Further, circularly reading the Excel file, including:
newly building a Python file;
acquiring all file names under the Excel file storage path;
reading the Excel file in a circulating file name mode, or reading the Excel file containing the set keywords in a keyword setting mode;
further, reading the content of a table by using a Python tool according to the Excel file storage path and the file name of the Excel file, wherein the reading comprises the following steps: and reading the table content according to the Excel file storage path and the file name of the Excel file by using a table reading function in the Python file.

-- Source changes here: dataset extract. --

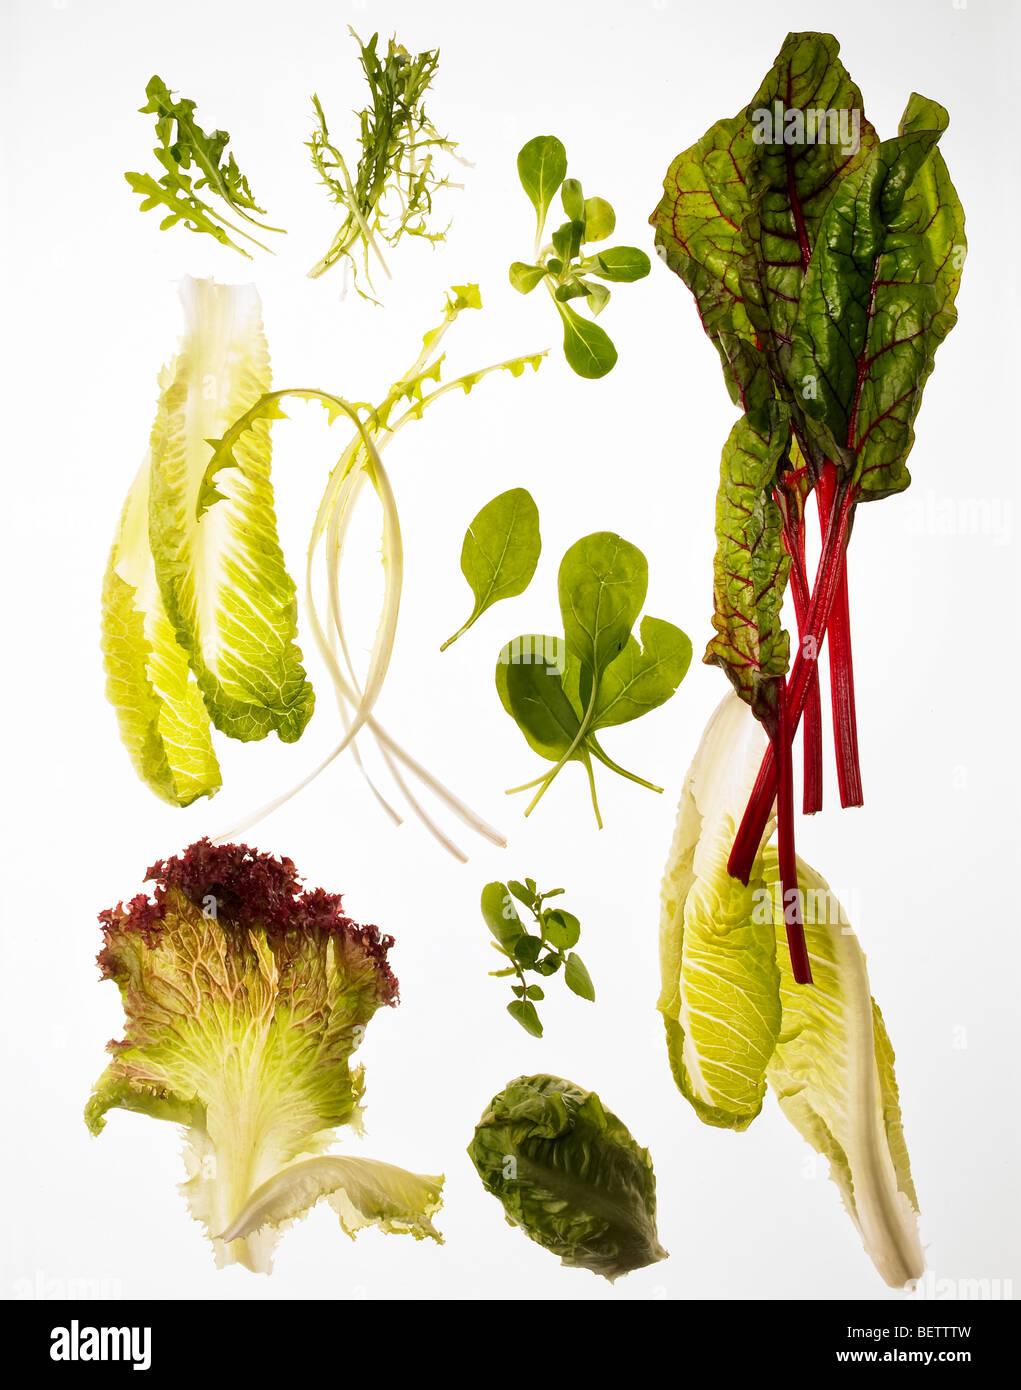 Ensalada de hojas verdes diferentes ingredientes, adecuado para ensaladas. Imagen De Stock

Further, when the Excel file is processed, table text head-up keywords are matched, and the line number of the table text head-up is obtained; deleting the contents of which the table text heads up and do not accord with the set conditions; setting header parameters through a table reading function in the Python file to acquire data of a table again; when the table reading function in the Python file is used for reading the table content, setting the field type of the table content, and setting the numerical value type of each column of tables; selecting data by adopting a field content screening mode; and when the table field is missing, replacing the field of the numerical value type by using a set value, and filling in the field by using a line filling mode.
Further, the table content is loaded into the database in a mode of linking the data warehouse by Python, and the table content after processing is loaded into the database in a mode of linking the data warehouse by Python or written into the Excel file by a write-in function in the Python file.
Drawings
Fig. 1 is a flowchart of a method for processing Excel based on Python according to embodiment 1 of the present invention;
fig. 2 is a schematic diagram of a Python-based Excel processing apparatus according to embodiment 2 of the present invention;
fig. 3 is a schematic diagram of an electronic device according to embodiment 3 of the present invention.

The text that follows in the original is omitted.